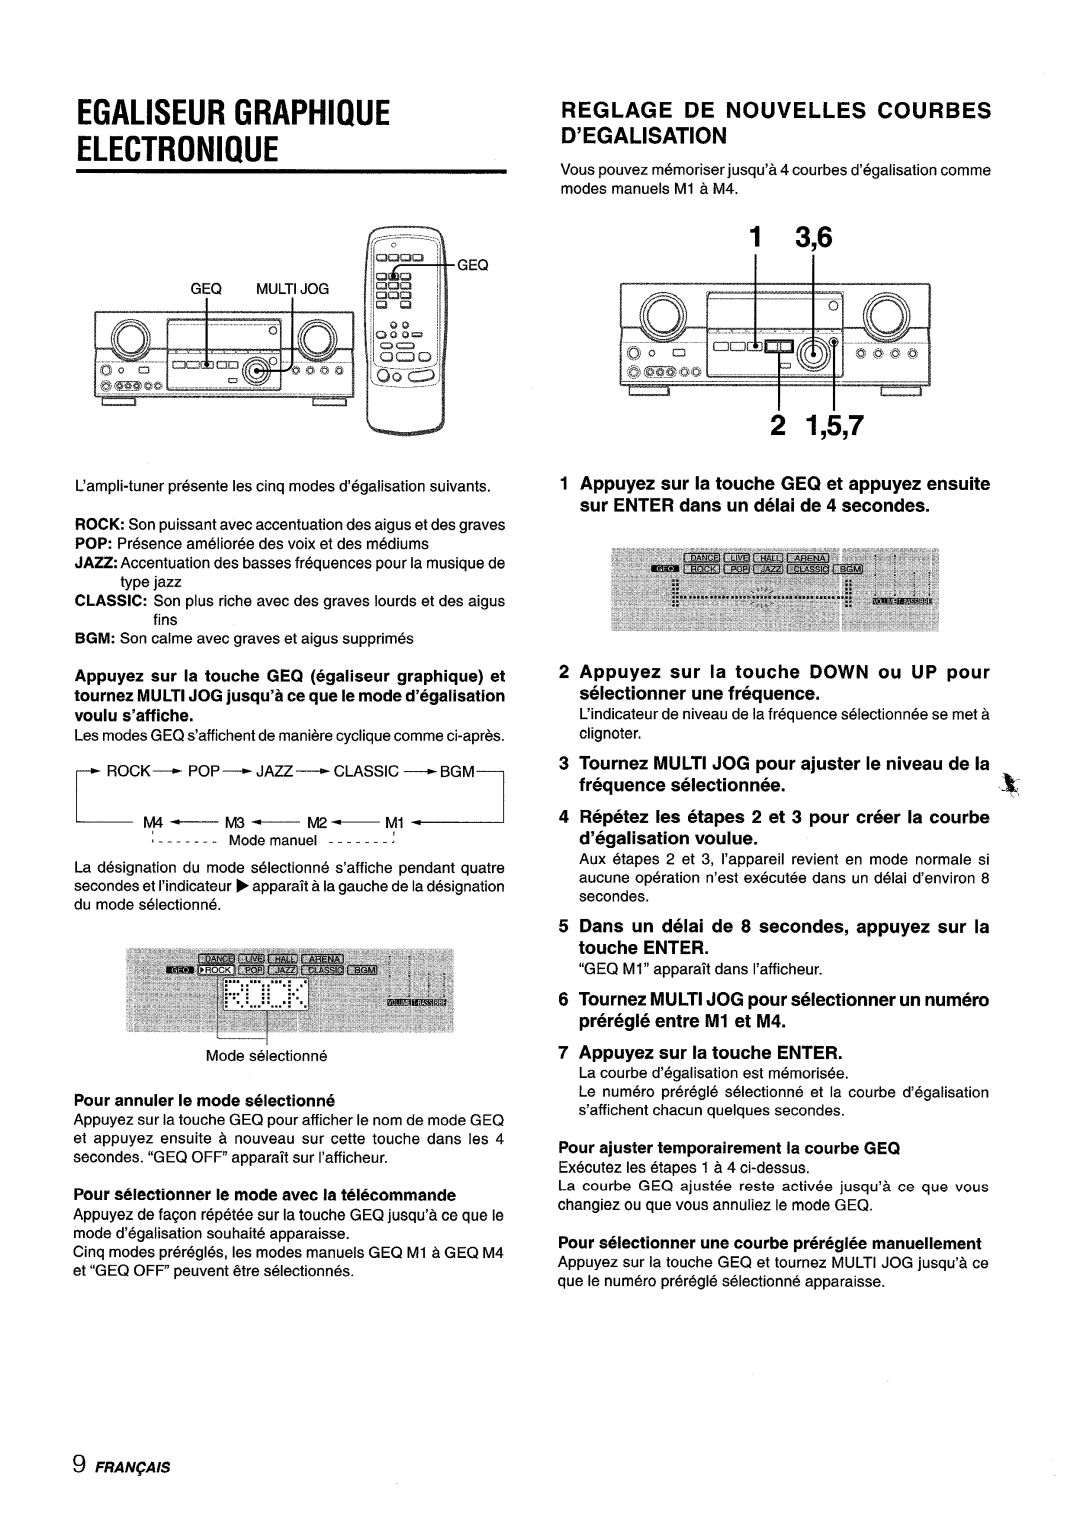 Sony AV-DV75 Egaliseur Graphique Electronique, 1 3,6, Reglage De Nouvelles Courbes D’Egalisation, Tournez, Multi Jog, pour 
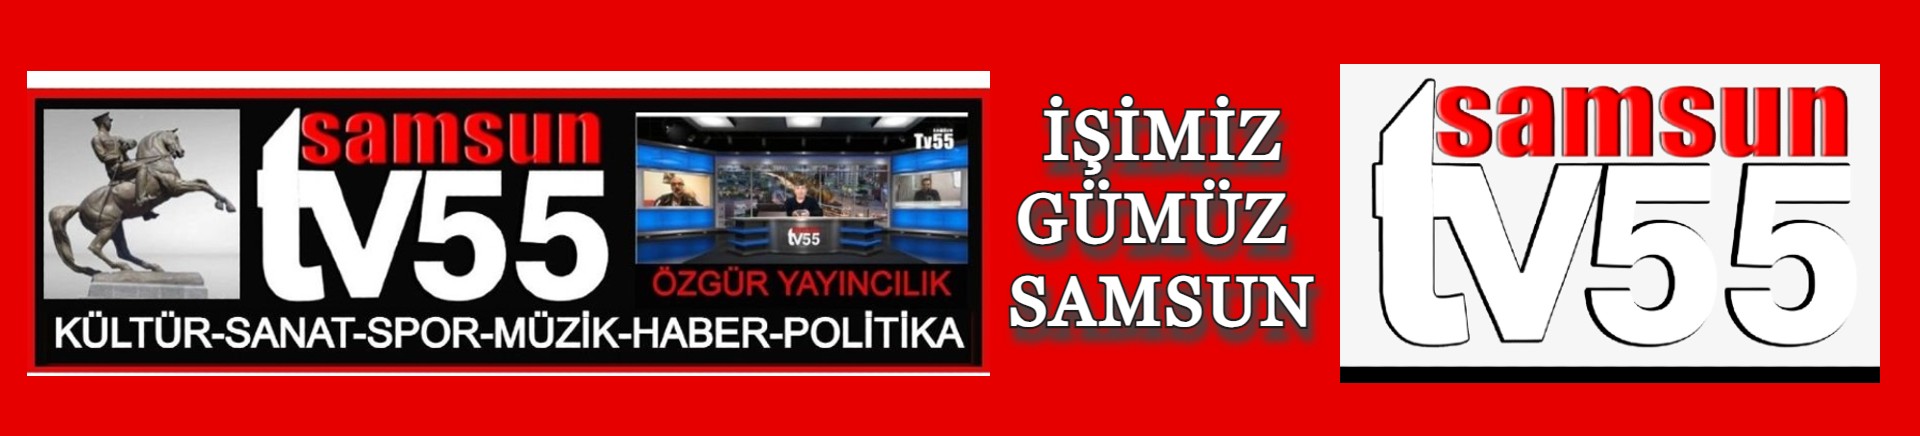 SAMSUN TV55
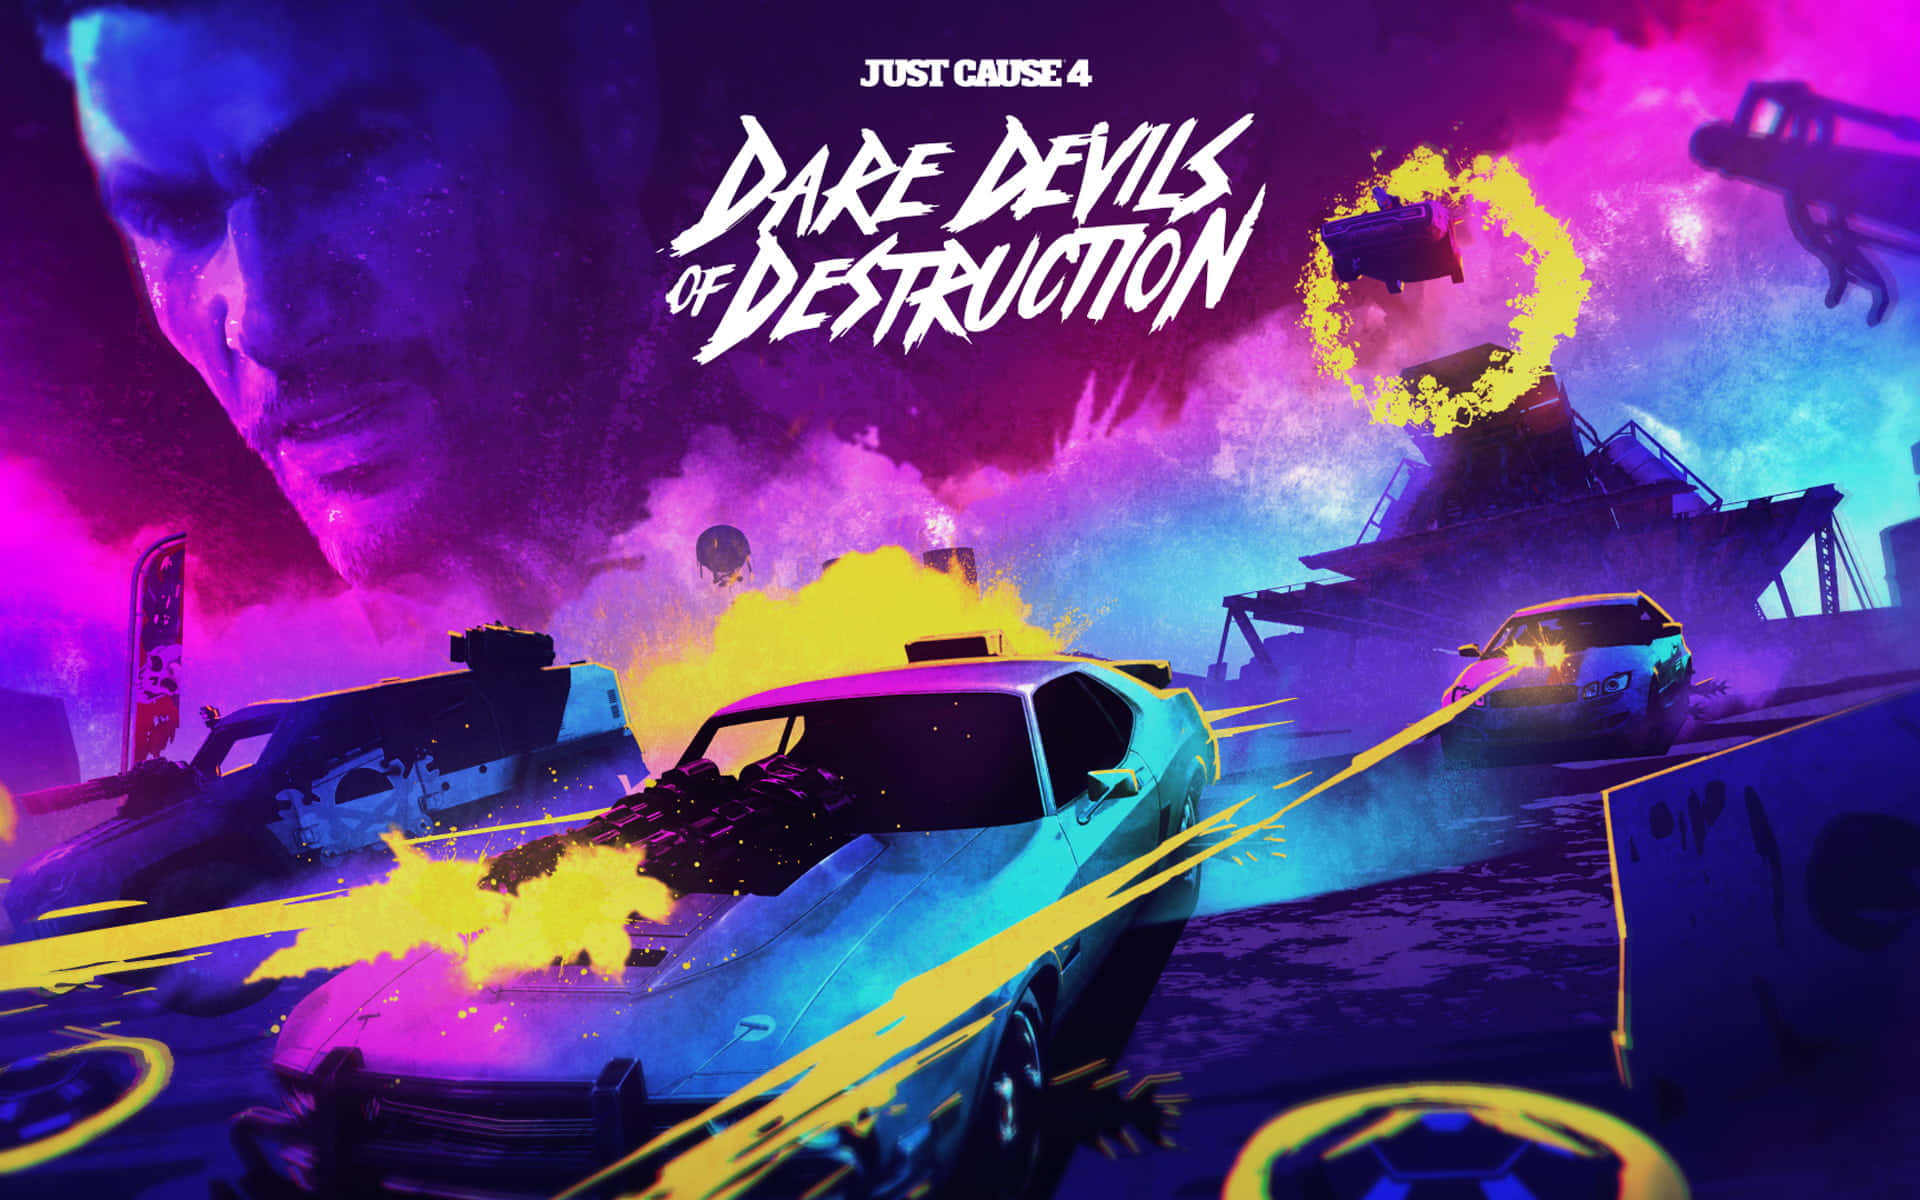 Mejorfondo De Pantalla De Just Cause 4, Cartel De Dare Devils Of Destruction.
┄┄┄┄┄┄┄┄┄┄
_What the task asks_
Set the listing down verbatim, excluding pictures.

_Exercise output_
 Sony AV-DV75 Egaliseur Graphique Electronique, 1 3,6, Reglage De Nouvelles Courbes D’Egalisation, Tournez, Multi Jog, pour 
 SAMSUN TV55
 Mejorfondo De Pantalla De Just Cause 4, Cartel De Dare Devils Of Destruction.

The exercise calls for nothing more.